Using the in situ TEM study to guide controlled crystallisation of electrodeposited V2O5 on the BDD electrode, all subsequent studies used a 2 h anneal in air at 350 °C followed by an extended cool-down from 350 °C to room temperature (12 hours) prior to further analysis. The resulting material was analysed using STEM, XPS, and powder XRD. ADF- and BF-STEM images of thermally annealed V2O5 on a BDD TEM substrate are displayed in Fig. 3a and b and show a dense mat of NBs (acicular crystals); see also ESI5, Fig. S5 and Table S1 for a statistical analysis of crystal size dimensions. Surface sensitive XPS of the annealed material on a BDD-TEM substrate was consistent with formation of α-V2O5 (see also ESI6, Fig. S6 for the survey spectrum). The curve-fitted XPS spectrum in Fig. 3c shows an oxygen 1s peak attributed to the V–O stretch bond at 529.27 eV and vanadium peaks 2p1/2 at 524.57 eV and 2p3/2 at 517.15 eV. The main V 2p3/2 core peak corresponds to a valence state of V5+ (solid red fitted curve), associated with V2O5, as does Vp1/2, whilst the tiny shoulder on the right indicates the presence of a very small amount of V4+ (solid orange fitted curve).18 A small V4+ peak has been seen before in the XPS spectra for V2O5 material subject to thermal treatment in air at similar temperatures (400 °C).27,63 XRD of an annealed thick film also confirms crystallisation (Fig. 3d). The ω-2θ plot exhibits peaks at 21°, 27°, 32°, and 34° corresponding to the crystal planes (101), (110), (400), (211) of α-V2O5 (ICDD 00-041-1426, Pmmn, a = 11.519 Å, b = 3.563 Å, c = 4.375 Å). The strong peak at 43° is from the BDD substrate.

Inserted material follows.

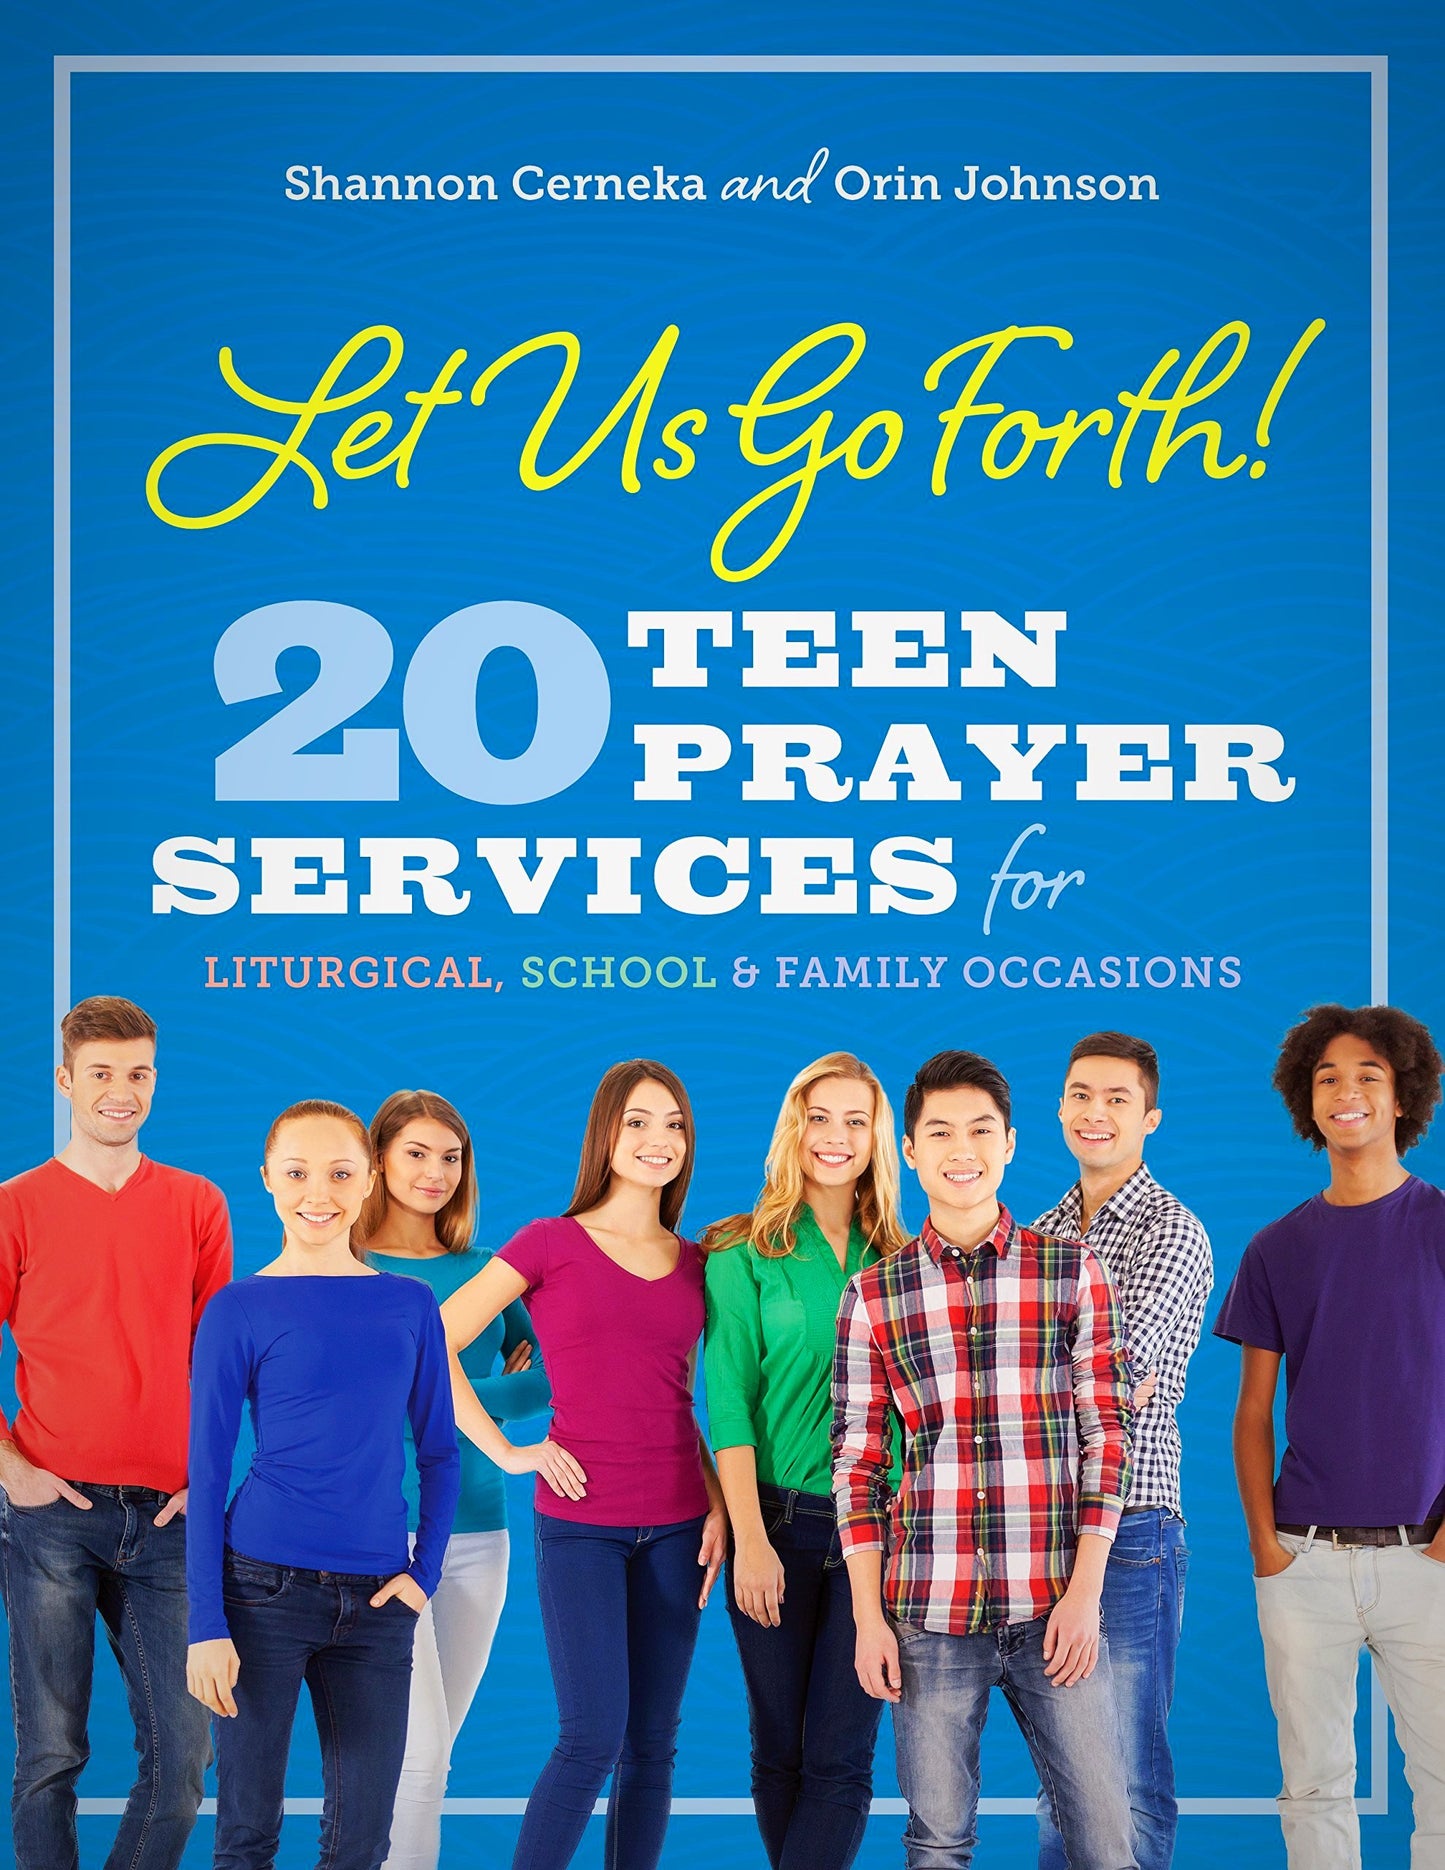 Let Us Go forth 20 Teen Prayer Services For Liturgical, Schoo & Family Occasions

image file: d1ta10208g-f3.tif
Fig. 3 Morphology and analysis of electrodeposited and thermally annealed V2O5. (a and b) ADF-STEM and BF-STEM images of high coverage V2O5 on a BDD TEM support, forming a dense mat of acicular crystals. (c) XPS spectrum and curve fitting of the O 1s and V 2p3/2 peaks. (d) ω-2θ XRD pattern identifying the deposit as the orthorhombic V2O5 structure.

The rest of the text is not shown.